Effects of focal metallic implants on opposing cartilage – an in-vitro study with an abrasion test machine
BMC Musculoskeletal Disorders volume 21, Article number: 261 (2020)
For focal cartilage defects, biological repair might be ineffective in patients over 45 years. A focal metallic implant (FMI) (Hemi-CAP Arthrosurface Inc., Franklin, MA, USA) was designed to reduce symptoms. The aim of this study was to evaluate the effects of a FMI on the opposing tibial cartilage in a biomechanical set-up. It is hypothesized that a FMI would not damage the opposing cartilage under physiological loading conditions.

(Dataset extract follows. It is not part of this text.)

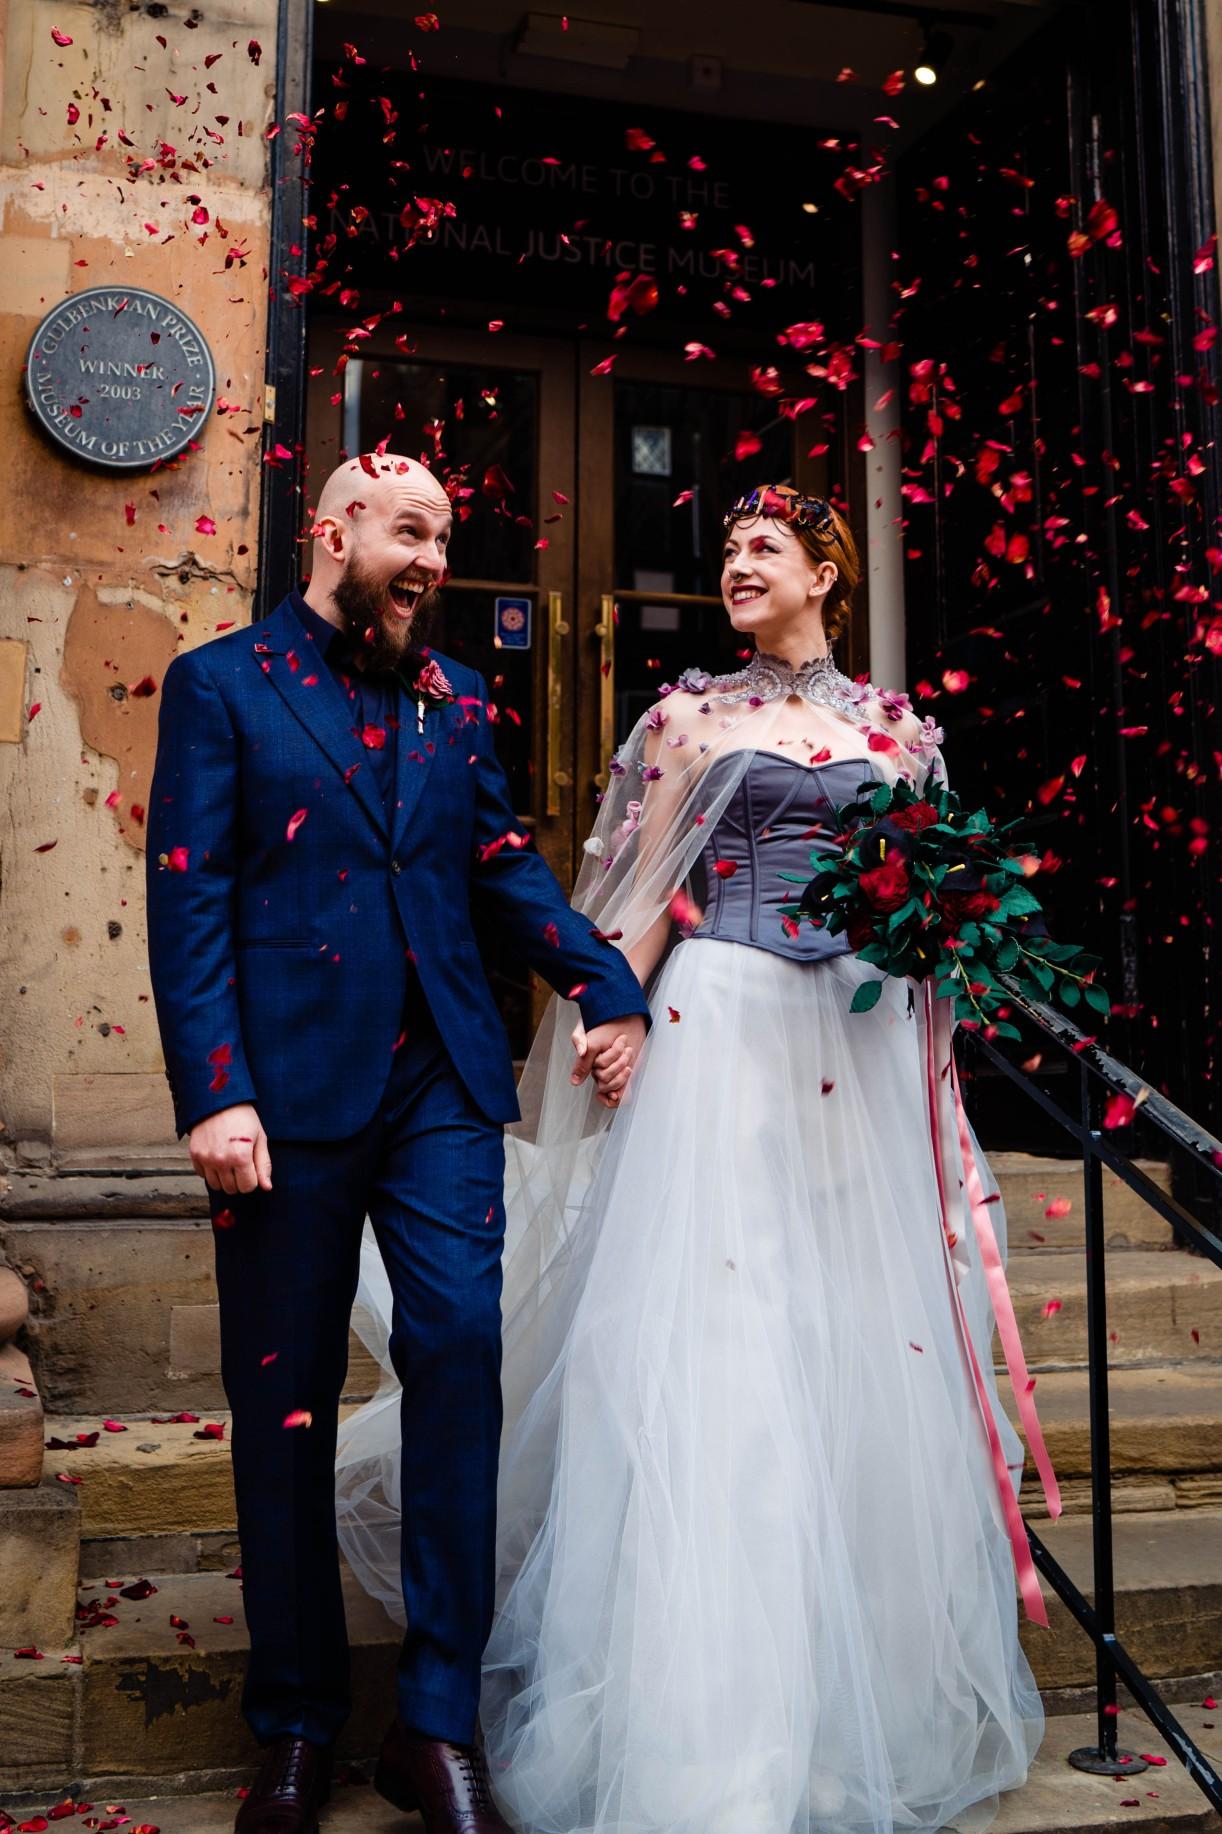 A gothic wedding - national justice museum wedding - alternative wedding - Vicki Clayson Photography (31)

An abrasion machine was used to test the effects of cyclic loading on osteochondral plugs. The machine applied a compressive load of 33 N and sheared the samples 10 mm in the anteroposterior direction by 1 Hz. Tibial osteochondral plugs from porcine knees were placed in opposition to a FMI and cycled for 1 or 6 h. After testing each plug was fixed, stained and evaluated for cartilage damage.
After 1 h of loading (n = 6), none of the osteochondral plugs showed histologic signs of degradation. After 6 h of loading (n = 6) three samples had histologic signs of injury in the tangential zone (grade 1) and one had signs of injury in the transitional and deep zones (grade 2). Exploration for 6 h resulted in significant more cartilage damage compared to the shorter exploration time (p = 0.06). However, no significant difference between saline and hyaluronic acid was evident (p = 0.55).
Under physiologic loading conditions, contact with a FMI leads to cartilage damage in the opposing articular cartilage in six hours. In clinical practice, a thorough analysis of pre-existing defects on the opposing cartilage is recommended when FMI is considered.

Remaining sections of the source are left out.